Mathias was, to put it simply, dead.

After Berwald beat the leaving daylights out of him and left with a very frightened, somewhat frozen Tino, Mathias stayed unconscious on the ground, twitching every moment or so. The Italian didn't want to admit it, but he felt rather irritated with Adam for making him do that dare. It was a bit too much. ...But then again, he didn't tell the Dane to make the prank call involve Tino, right? Right. Well, whatever. The sooner they finished the game, the sooner he could leave and get out of this goddamn dress.

"Is everyone done talking, or can I just fucking leave, damn it?"

Roderich sighed. He wanted to leave too. ...But he felt like he was loosing Elizaveta due to this game. No, seriously. She was so busy drooling over all this perverted nonsense that she was failing to notice that he had wrapped an arm around her waist. ...That was as bold as he was getting. "Lovino, do spin the bottle. I hope to see something entertaining here, and not just pointless violence." He eyed the unconscious Mathias, whom had a (worried?) Adam looming over him. ...There was Elizaveta's next target, for sure.
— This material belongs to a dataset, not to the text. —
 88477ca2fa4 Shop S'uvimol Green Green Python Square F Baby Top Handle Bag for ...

Lovino, seeing how everyone was starting to settle, spun the bottle. It pointed to Gilbert.

Oh, perfect. Just perfect.

"Truth or dare, bastard?"

"Don't call mein Bruder that, please..."

"Oh, shush, West! I can totally handle this! My awesomeness is so strong, it blocks out insults! Anyway, truth. I've been picking dare so much, so I'm going to grace you all with some cool information about the Awesome Me." Gilbert grinned, wrapping an arm around Matthew's waist. Lower waist. The Canadian blushed.

Fuck. He wanted him to pick dare. Oh, well. He could work with this...
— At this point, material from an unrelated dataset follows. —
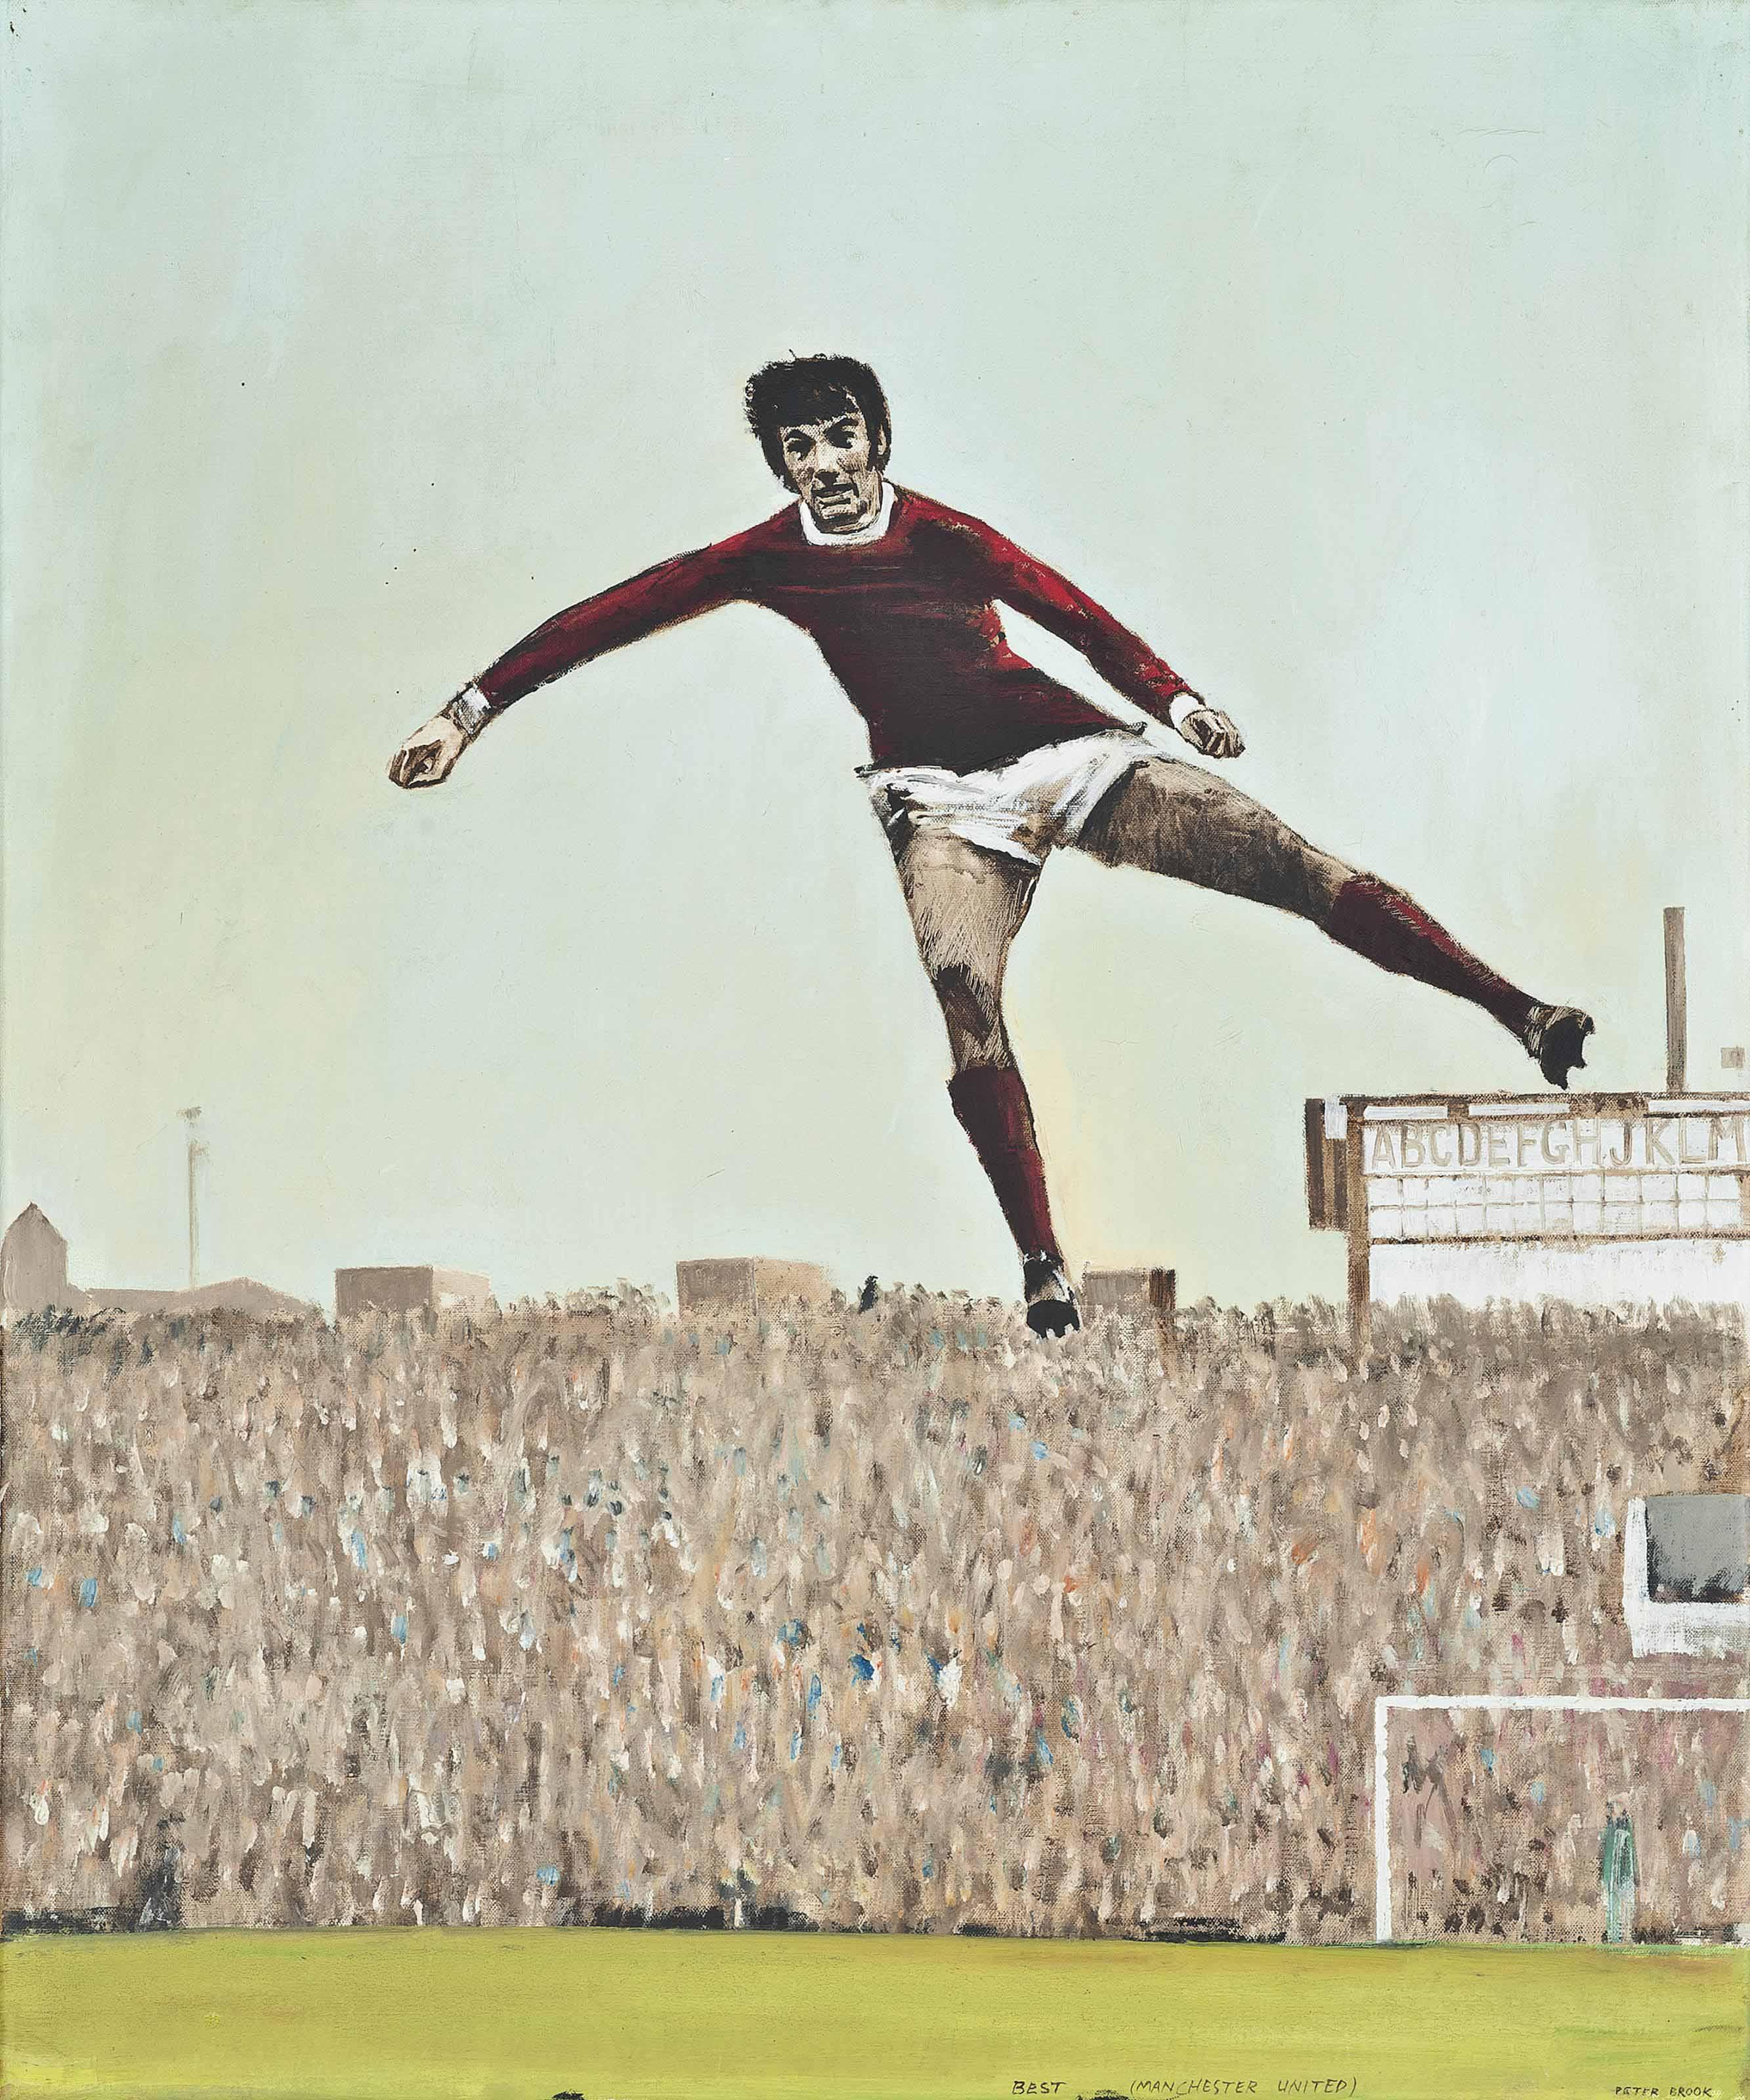 Best (Manchester United)

"...If you and your brother had to screw, who would top?"

And at that moment. Ludwig's last bit of sanity flew out the window.

"UWAH! LUDWIG FAINTED! HIS MOUTH IS FOAMING! WHAT'S GOING ON? VE! I'M SO CONFUSED."
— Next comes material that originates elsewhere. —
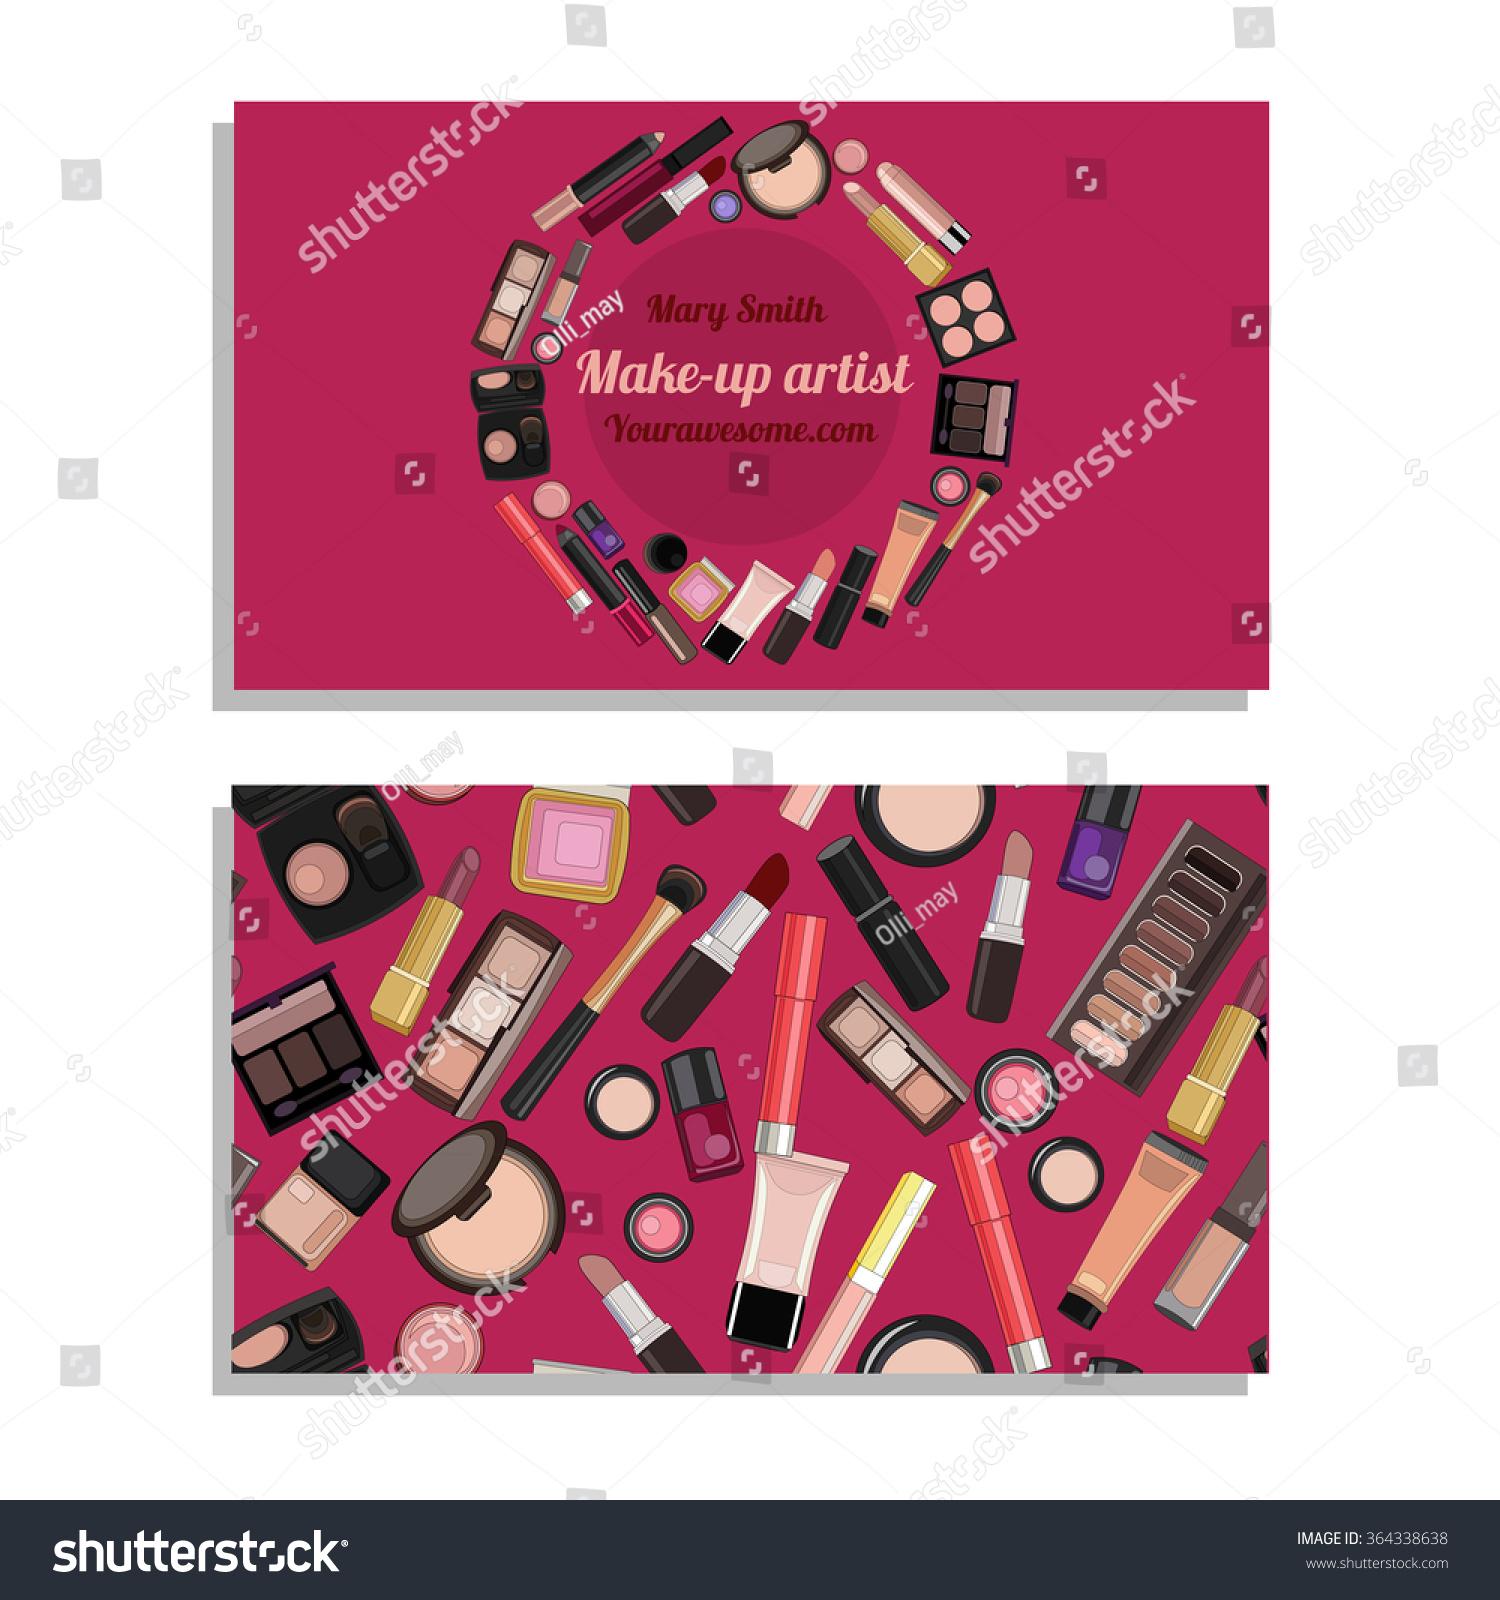 Makeup Artist Business Card Vector Template Stock Vector HD (Royalty ...

"I WOULD SO TOP. I'M JUST THAT AWESOME." Gilbert grinned and kicked his legs up onto the table, leaning back in his chair slightly. He fell (in an awesome, sexy way, of course) over, but he jumped up up and started laughing. Like a boss.

...Matthew's sanity flew out the window as well. Hearing your boyfriend say that they would top their younger brother was just... There weren't any words for how disturbing that was. And to be honest, it put some disturbing images of him and Alfred as well. ...OH GOD, WHY. The Canadian slammed his head down onto the table and promptly fainted (much to Gilbert's horror). "M-MATTIE? OH MY GOD, SOMEONE HELP HIM!"

"Hmm, I can help him, da?"

"NOT YOU, FUCKING RUSSIAN DOUCHE. WHY DON'T YOU GO BACK TO YOUR FROZEN WASTELAND WITH YOUR GENDER-NEUTRAL LOVER, HUH?"

"Hey! That was uncalled for, aru! I'm a guy!"

"_**Did you just insult my darling Yao, you little maggot? Kolkolkolkol..."**_

"I-Ivan, put the bloody pipe down..."

Kiku uneasily turned to Adam for help, seeing if the Norwegian could do something to calm Gilbert down. After all, he dealt with Mathias' behavior a lot, and it was a bit similar to Gilbert's, right? He could probably help. "A-Ano, Adam-san, do you think you can help calm down Gilbert-san? He's acting u—Oh." _Oh_ was the only thing he could really say. Oh. Oh! OH.

Adam was kissing the unconscious Mathias.

...This was a surprise, indeed.

"A-Ano... Gilbert-san, can you just spin the bottle?"

Gilbert sighed. "Fine, but only because Kiku asked me in a nice way. Unlike _some_ people..." He glared at Ivan, and then went to spinning the bottle. It pointed to Feliciano.

"Nyahahahahaha~! Alright, Feli! Truth or dare~?"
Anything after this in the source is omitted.